**EXERCISE AIM**.
Repeat the material exactly from its first line to the line that includes "ブレードプロ 98(18×20) vs. ブレード98(18×20)【インプレ比較". Skip pictures.

**DATA SHOWN**.
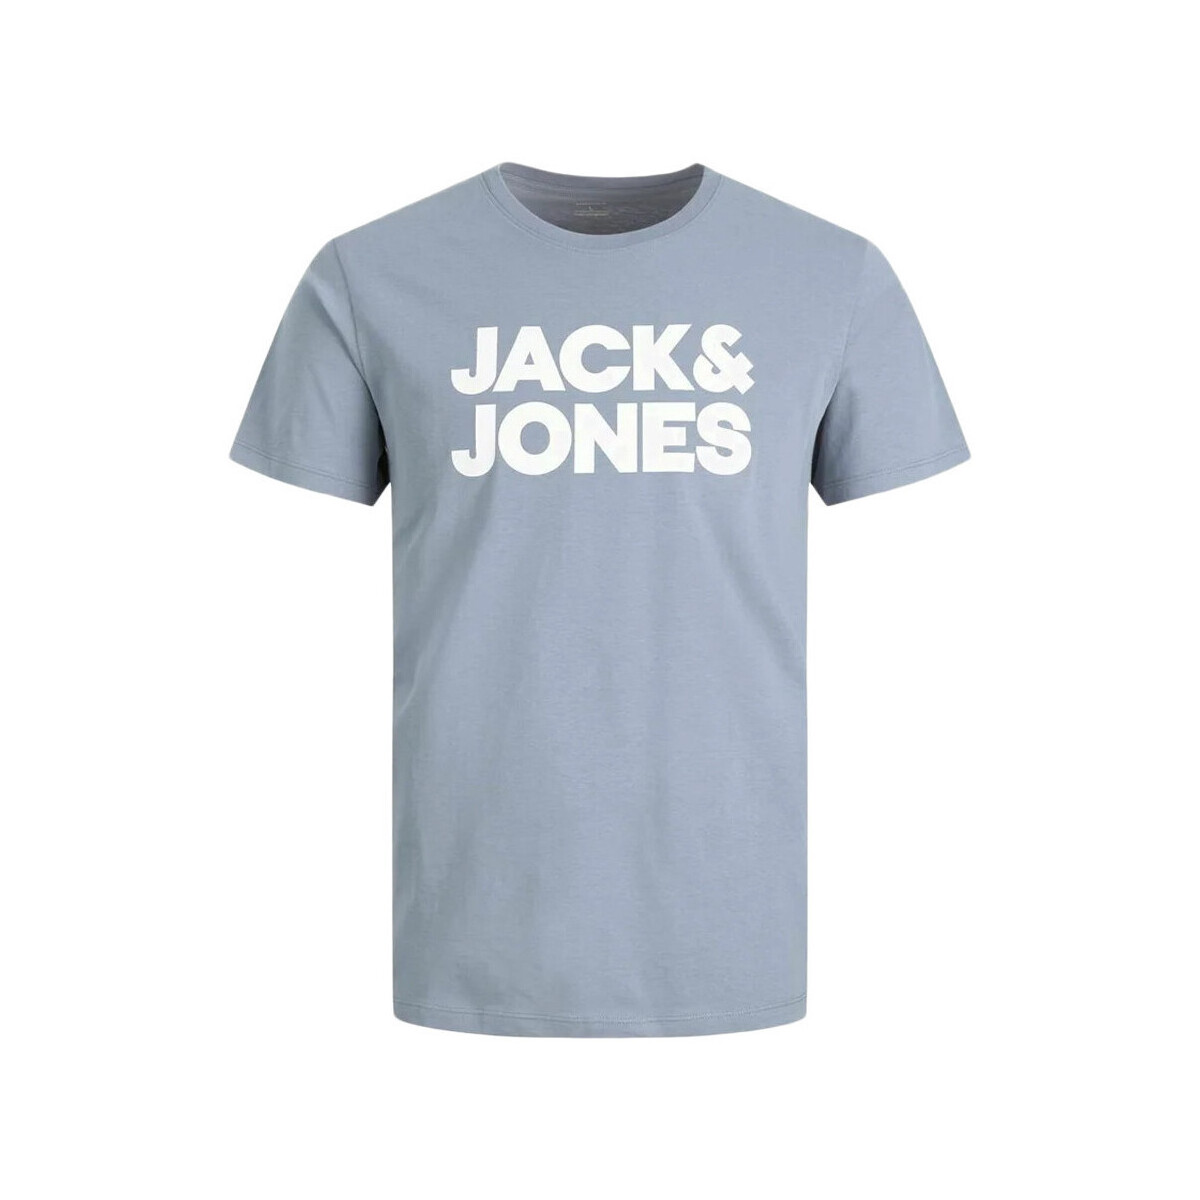 Abbigliamento Bambino T-shirt & Polo Jack & Jones 12255501 Blu
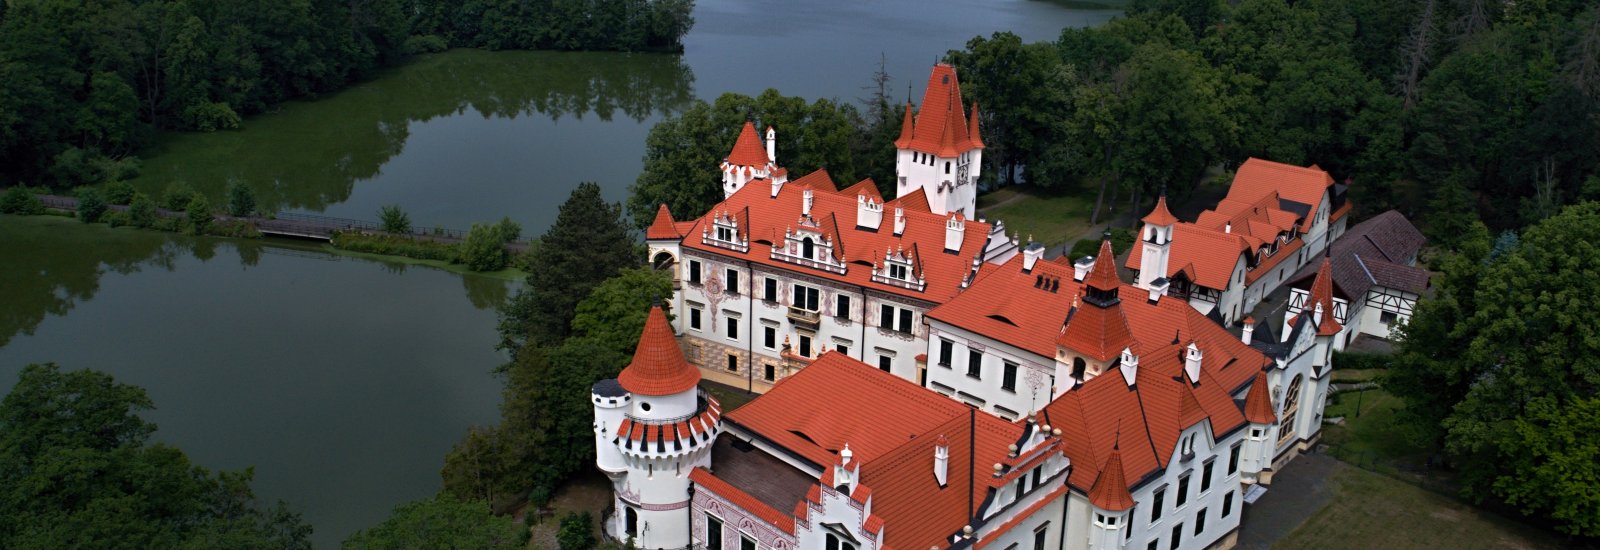 Château Žinkovy in Plzen mesto, Czech Republic
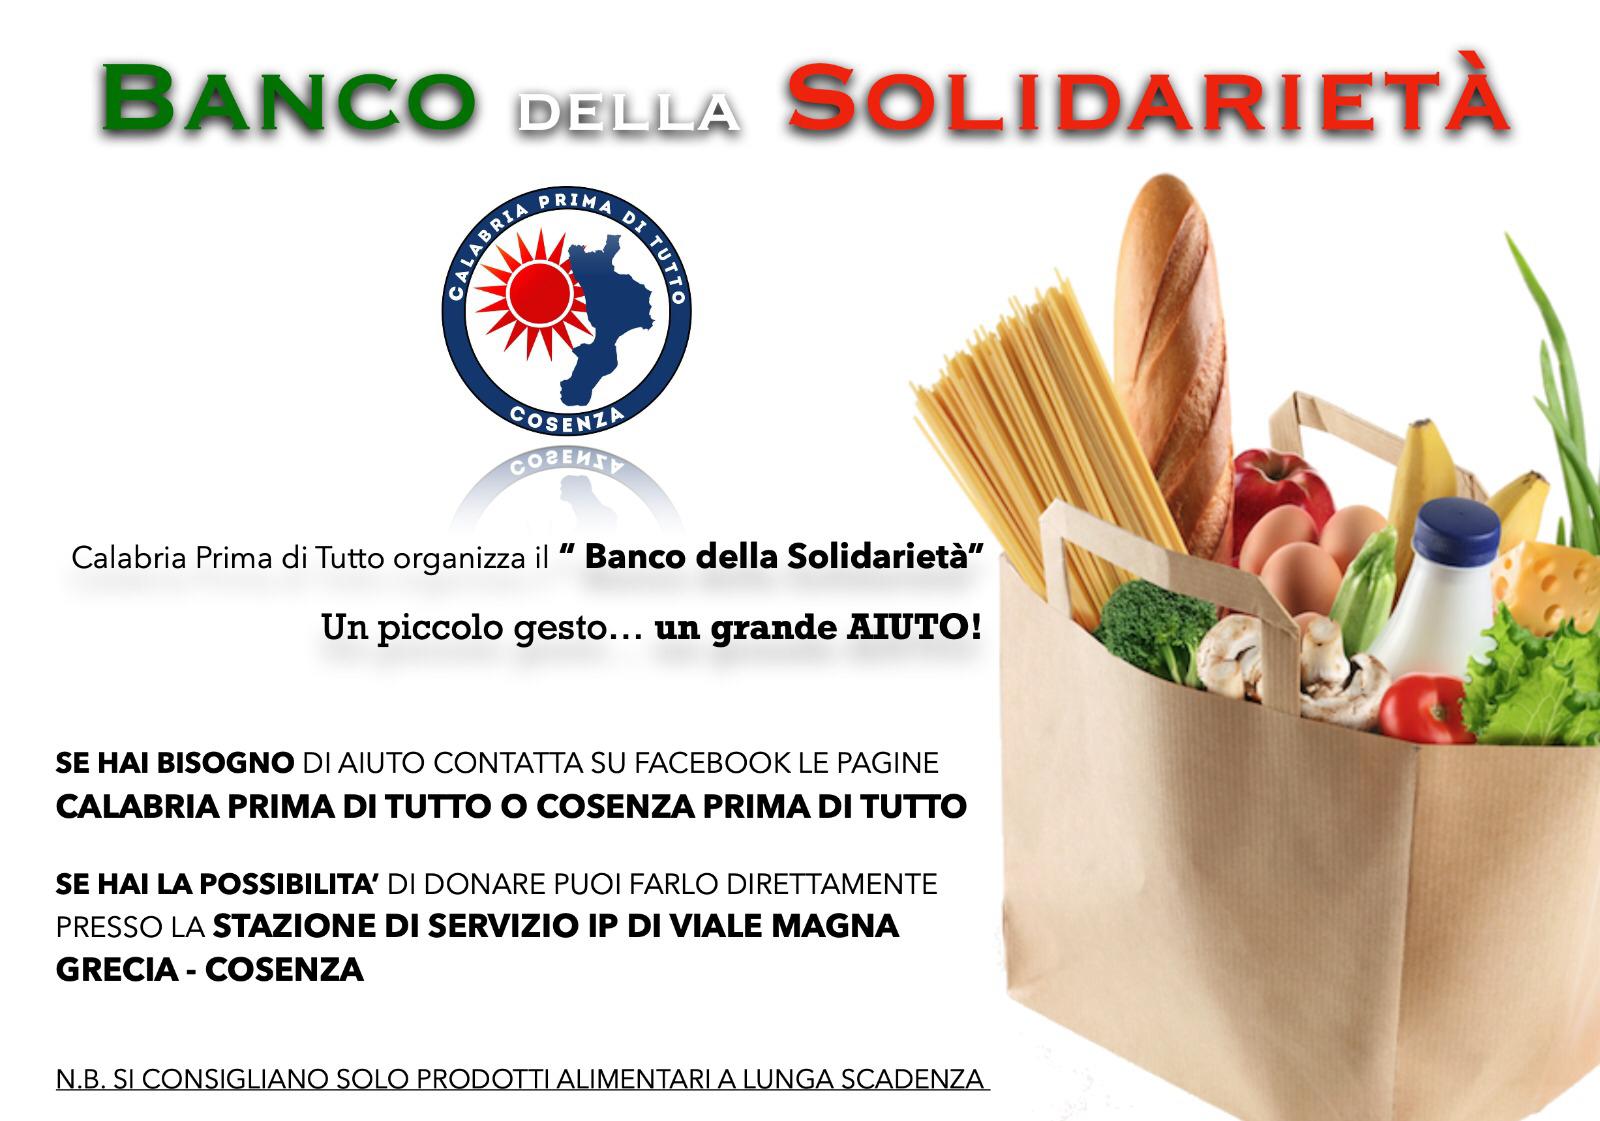 Banco della solidarietà organizzato da Calabria Prima di tutto
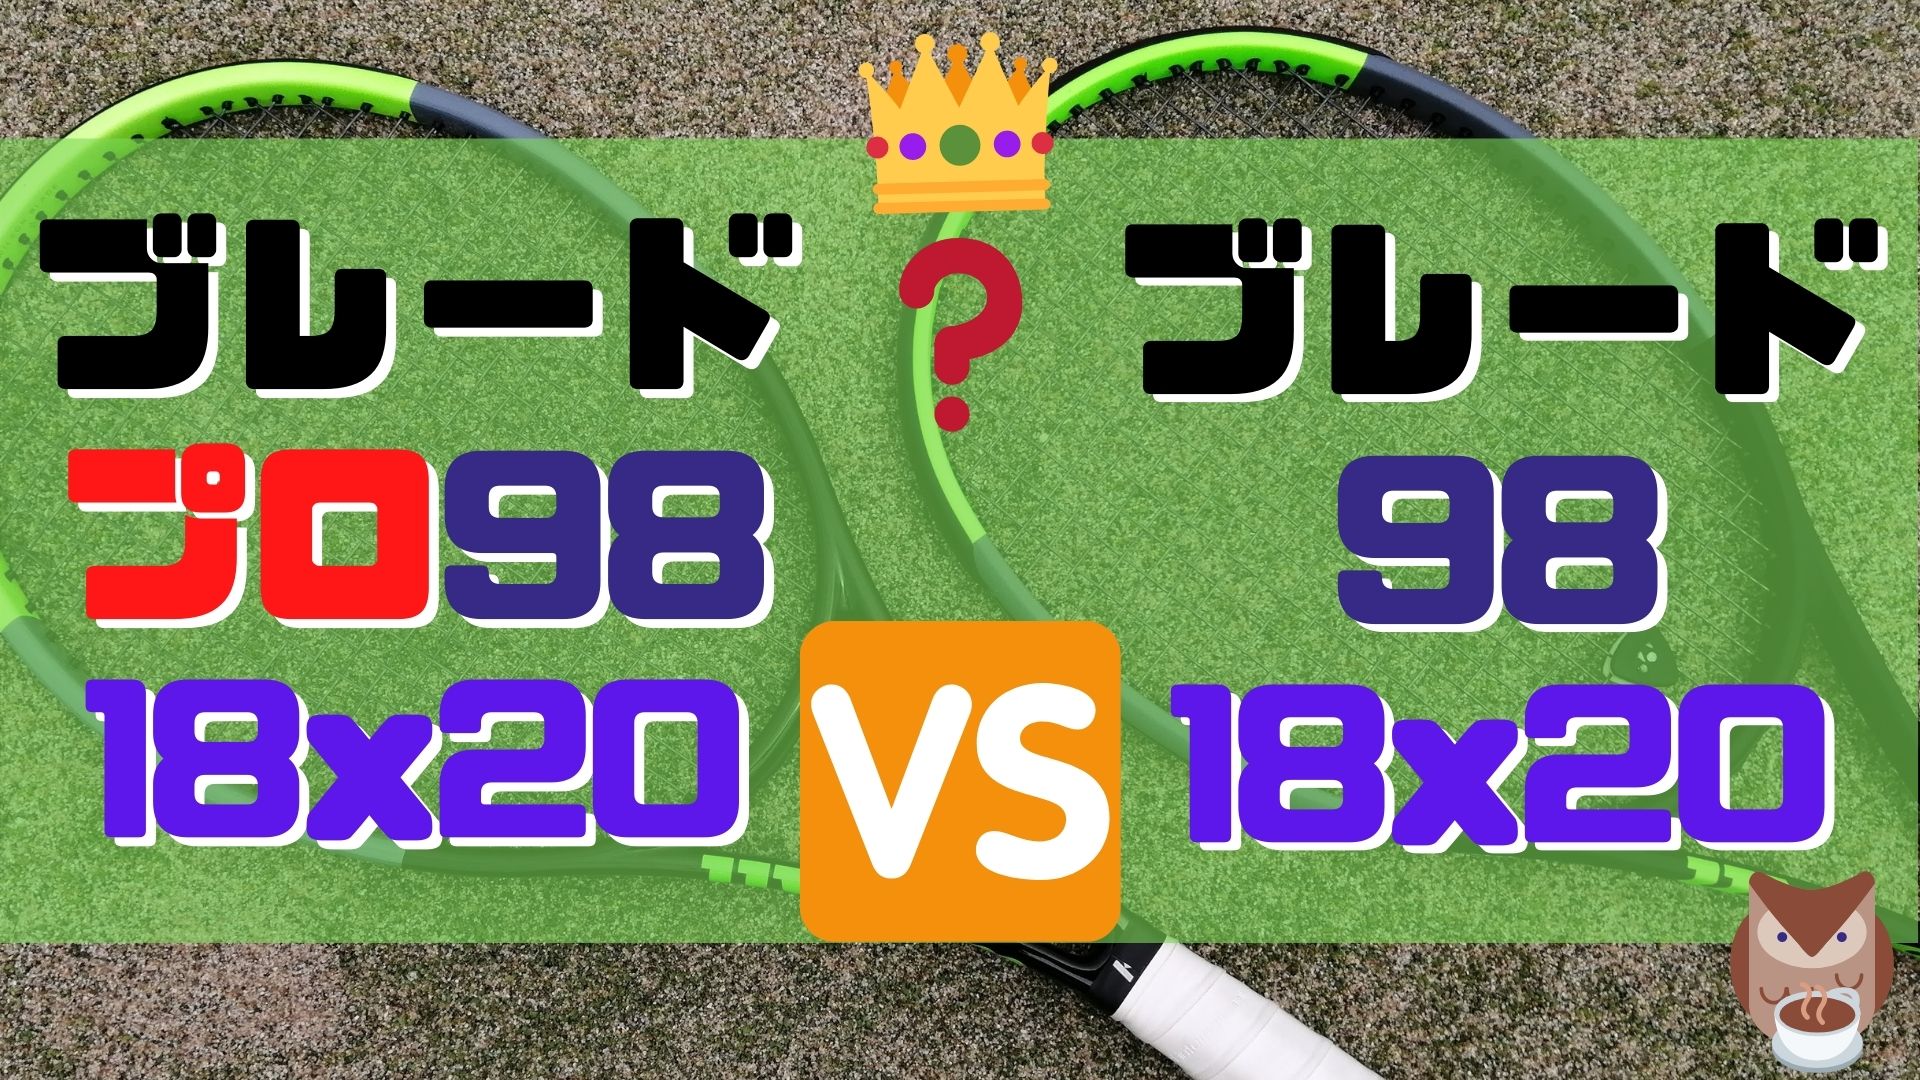 ブレードプロ 98(18×20) vs. ブレード98(18×20)【インプレ比較 
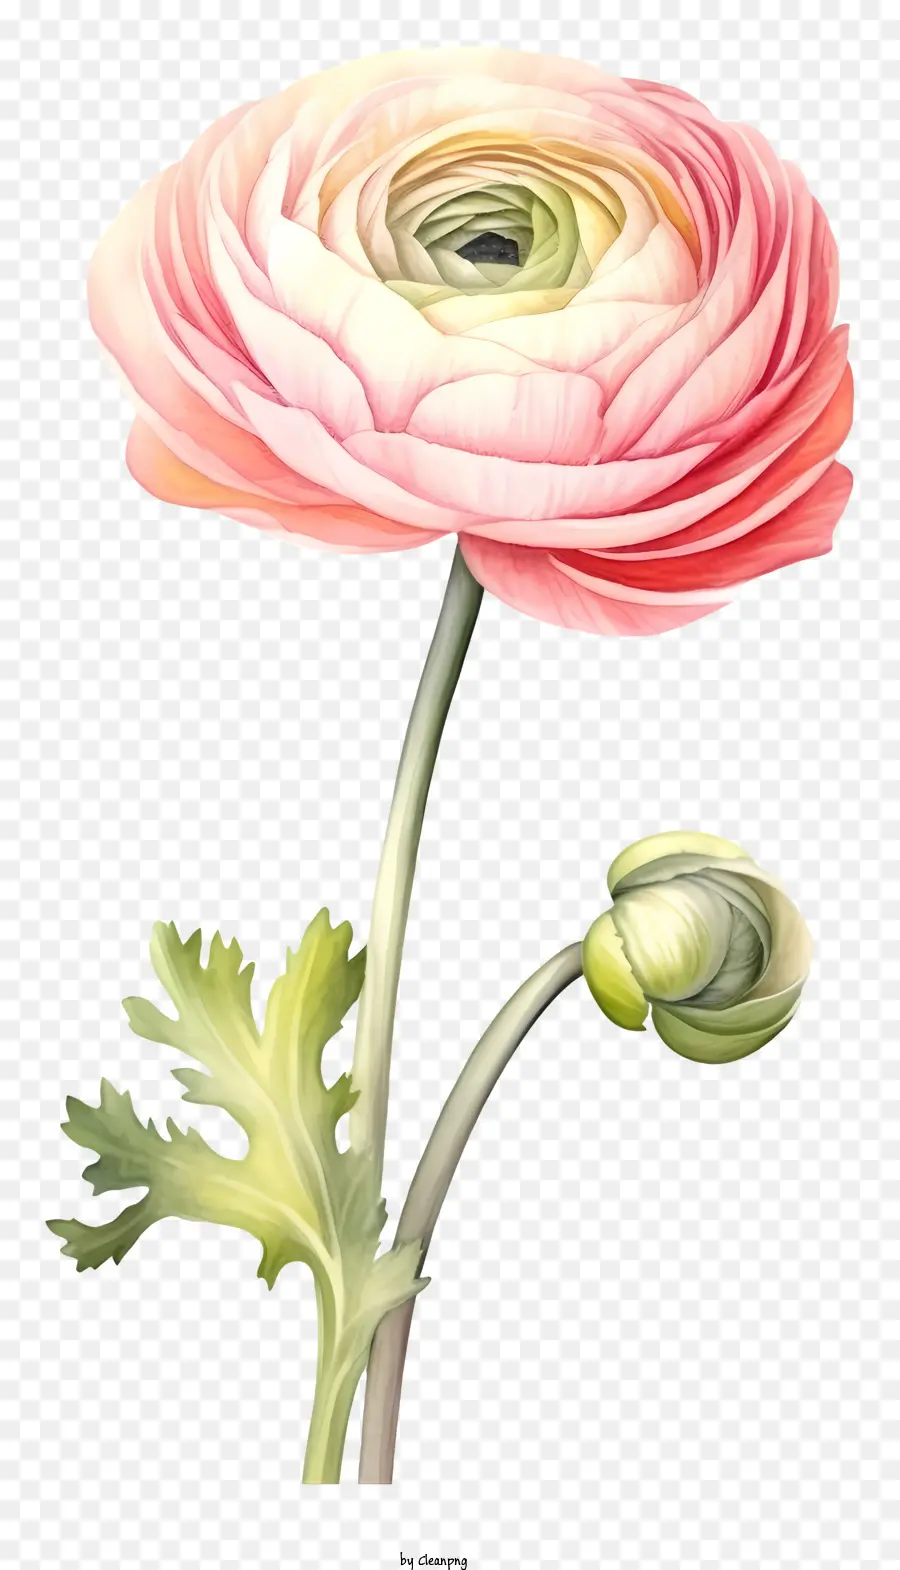 hoa hải quỳ màu hồng nhị hoa và nhụy hoa cuộn tròn cây xanh lá cây xanh lá cây - Hình ảnh hoa hải quỳ màu hồng; 
Thiếu chi tiết và nền tảng

**SOLUTION TO THE EXERCISE**.
 Abbigliamento Bambino T-shirt & Polo Jack & Jones 12255501 Blu
 Château Žinkovy in Plzen mesto, Czech Republic
 Banco della solidarietà organizzato da Calabria Prima di tutto
 ブレードプロ 98(18×20) vs. ブレード98(18×20)【インプレ比較 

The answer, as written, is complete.